**What the task asks**
Repeat the whole listing below precisely. Omit all pictures.

**Given information**
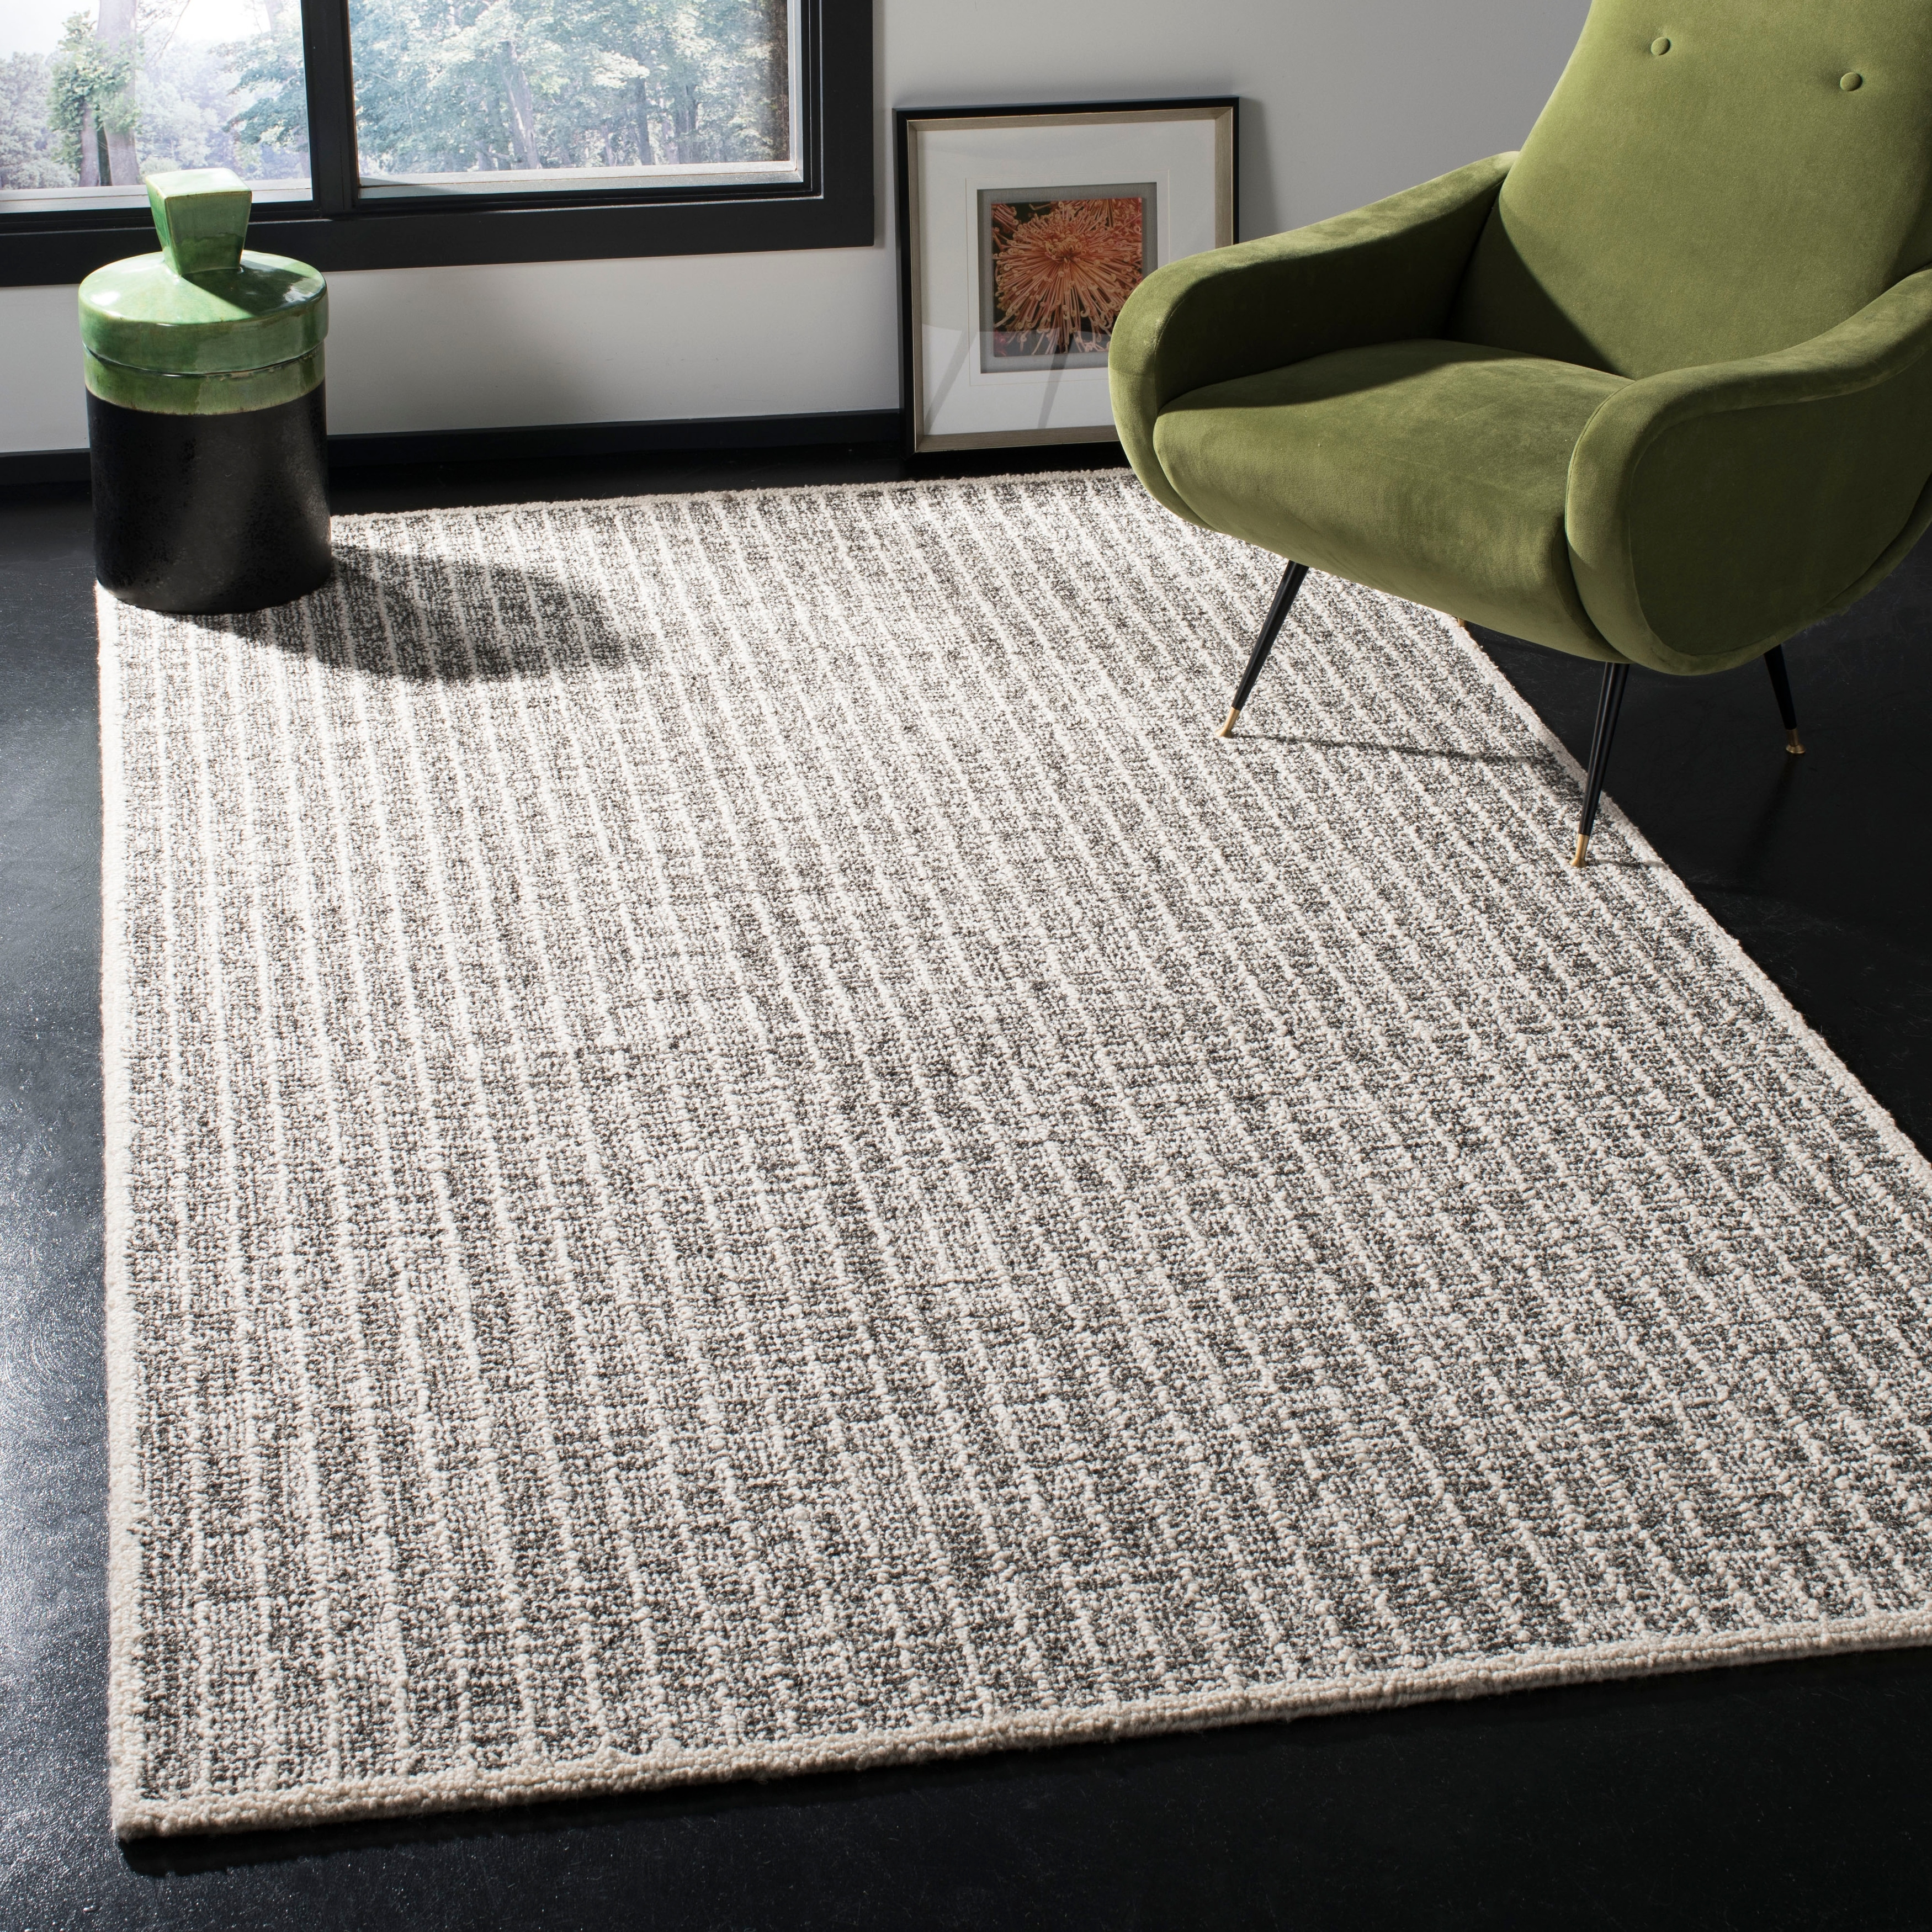 Safavieh Handmade Abstract Luella Modern Wool Rug Overstock 22718415 6 X 6 Round Ivory Black
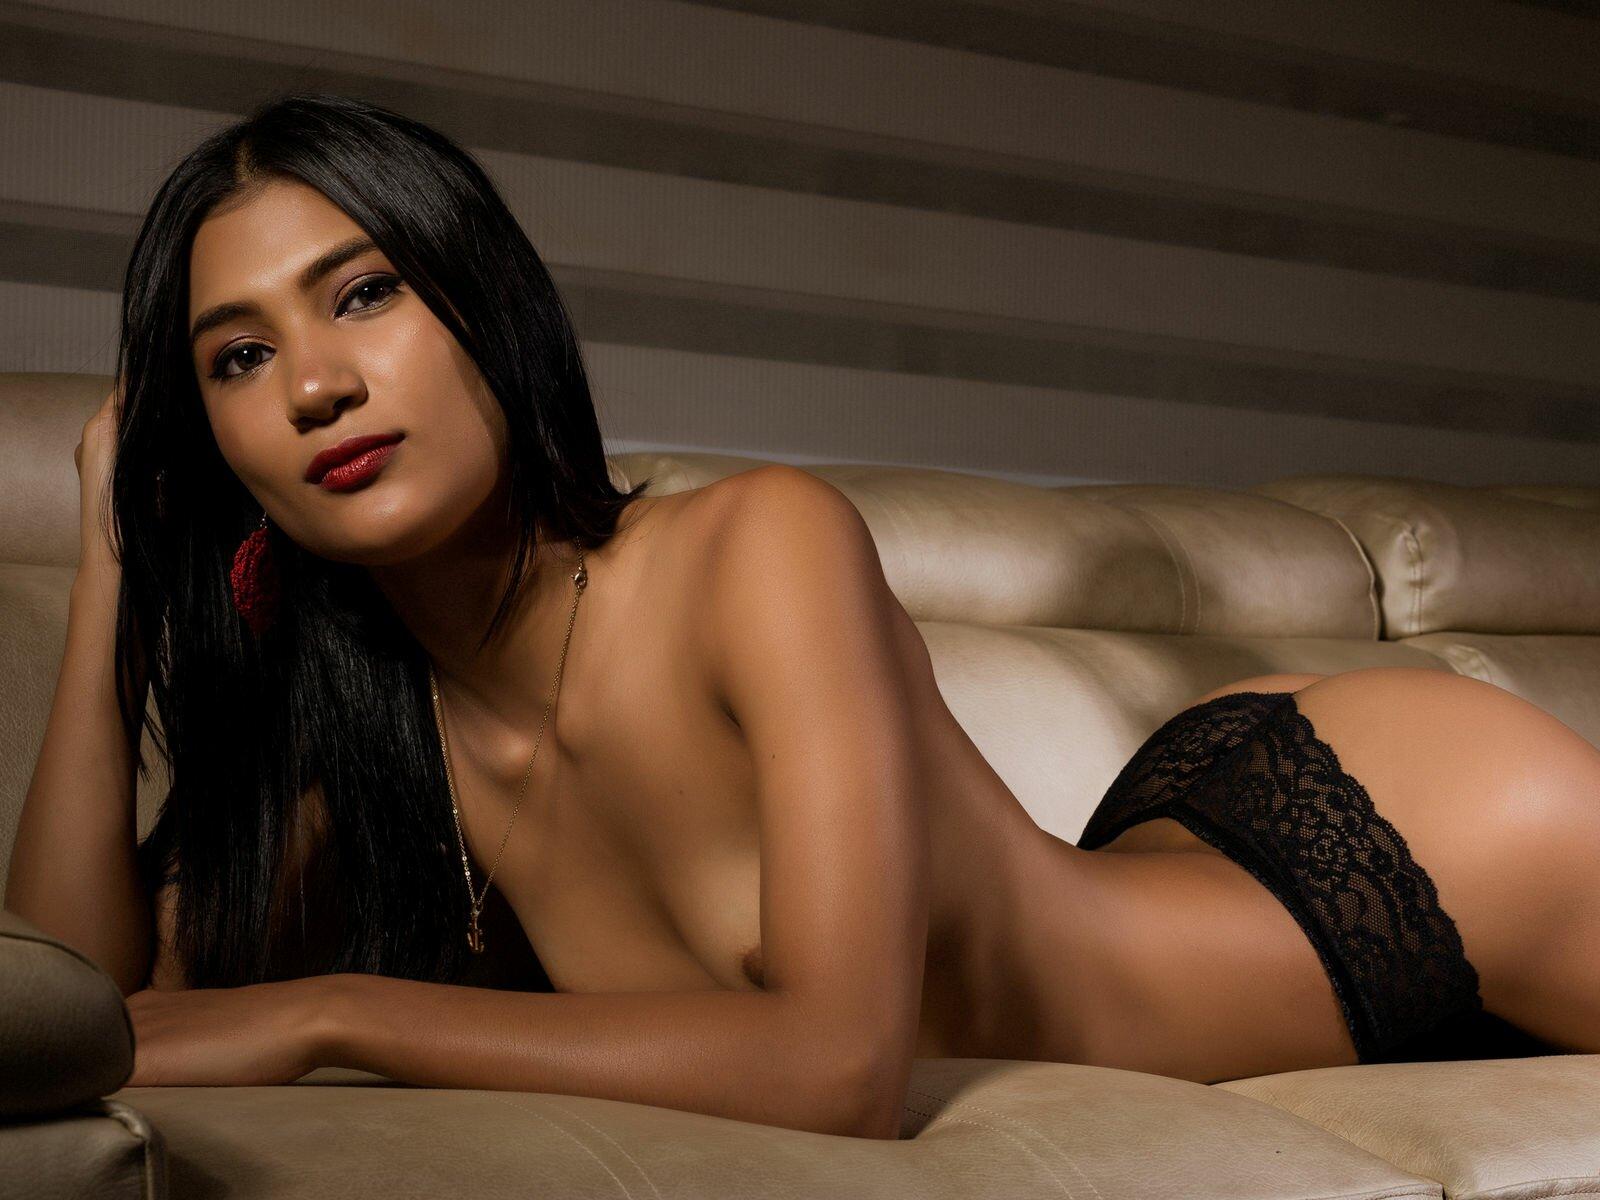 like Best online dating site in europe licks sweetheart
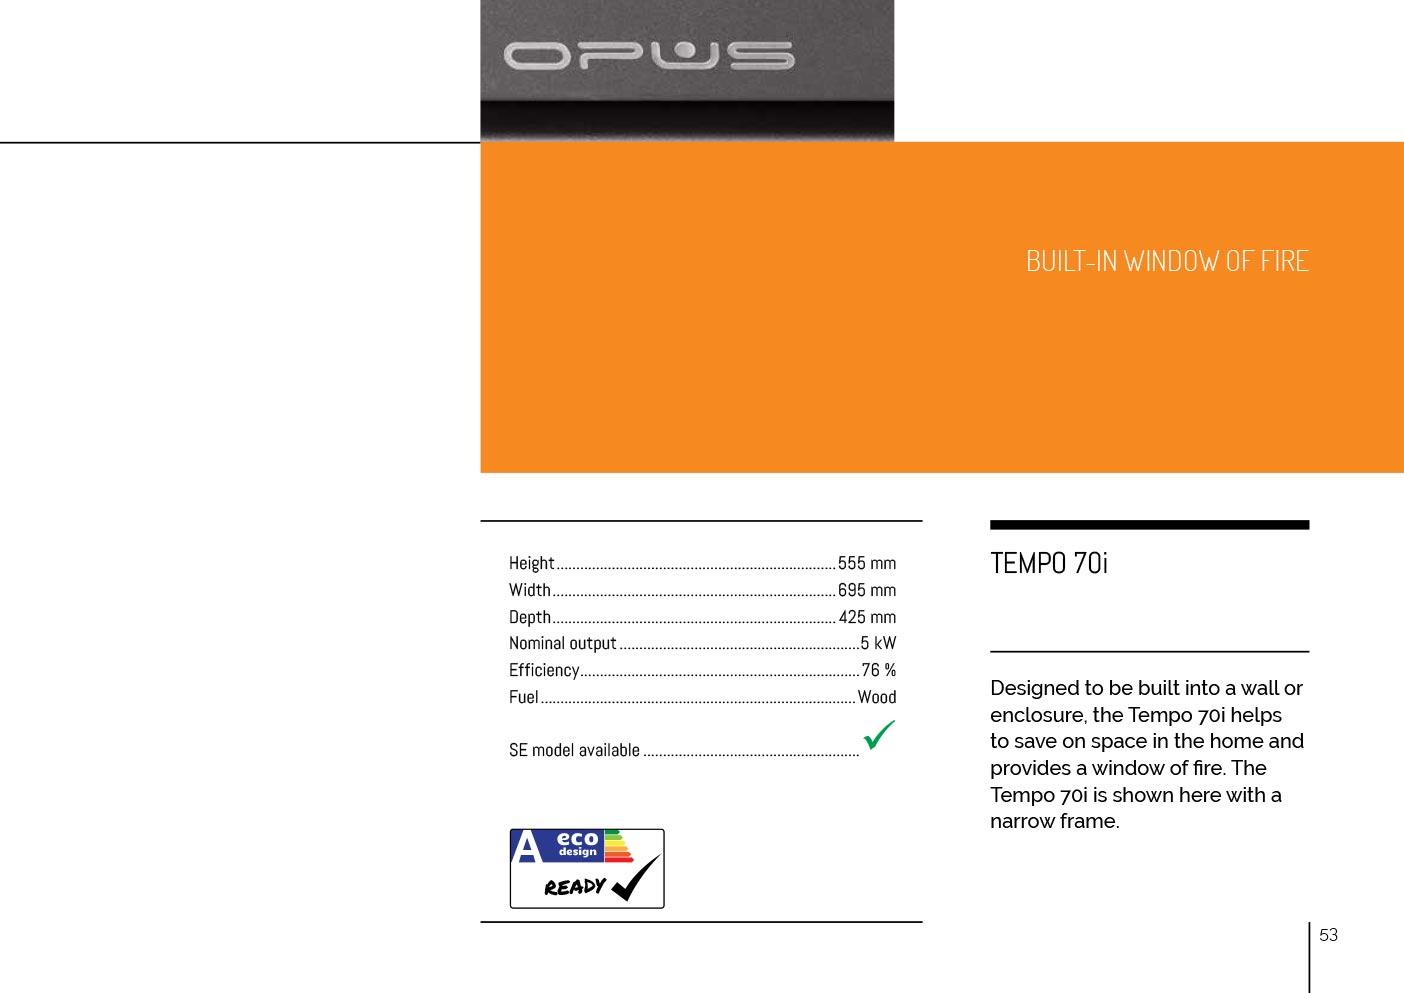 opus-stoves-brochure-(2)-53
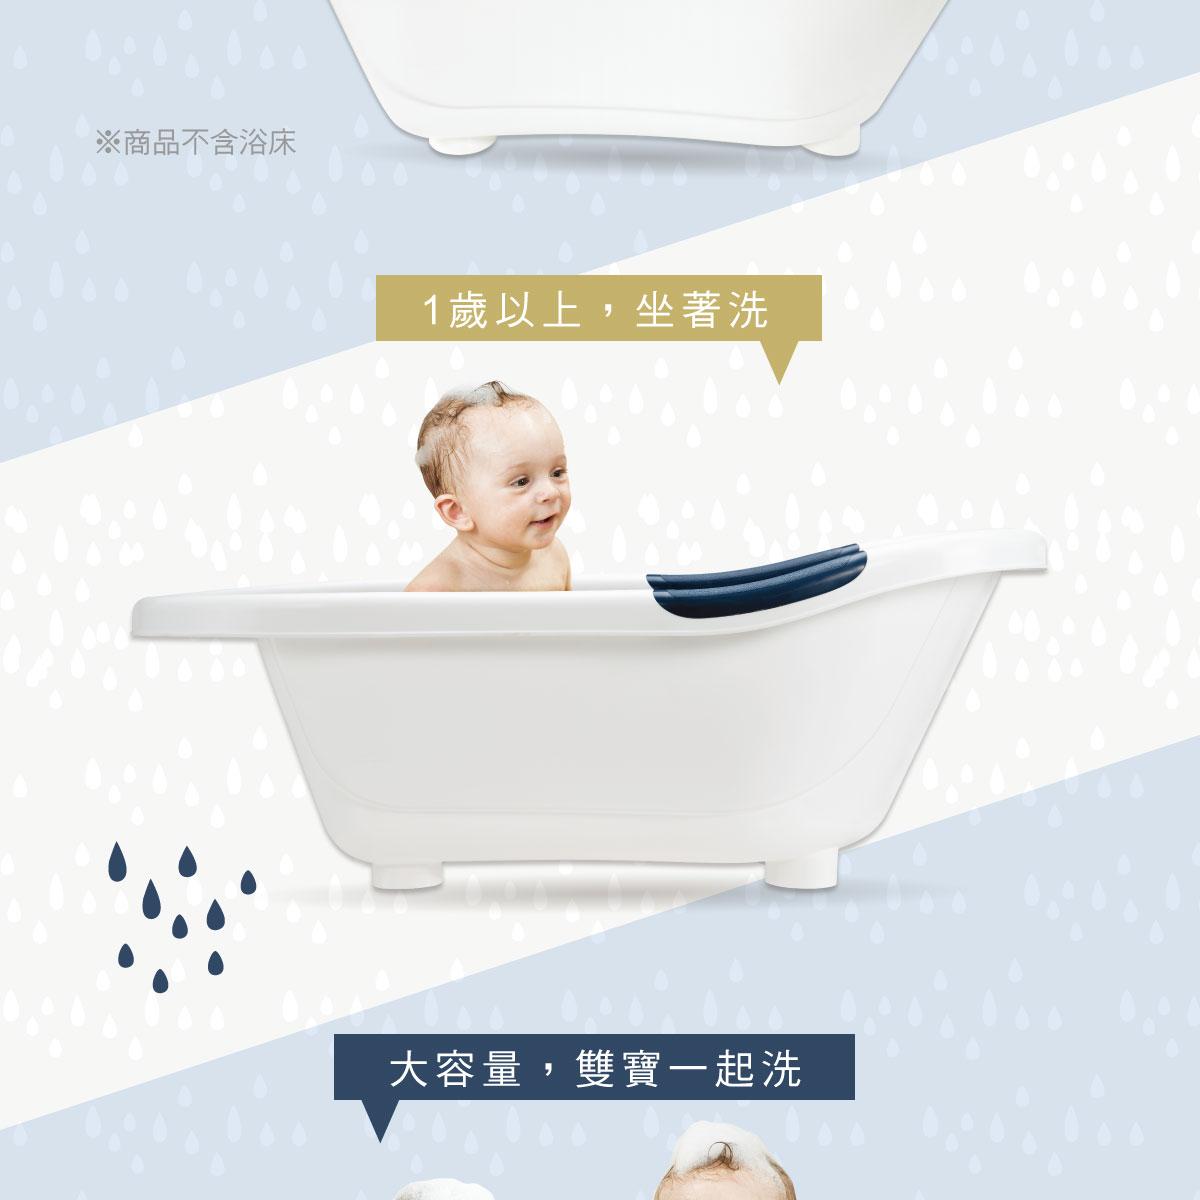 proimages/Bathing&CleanSeries/Bathing/BabyBathTub/1135/1135-成長印記浴盆-EDM-4.jpg

**Solution below**
 Safavieh Handmade Abstract Luella Modern Wool Rug Overstock 22718415 6 X 6 Round Ivory Black
 like Best online dating site in europe licks sweetheart
 opus-stoves-brochure-(2)-53
 proimages/Bathing&CleanSeries/Bathing/BabyBathTub/1135/1135-成長印記浴盆-EDM-4.jpg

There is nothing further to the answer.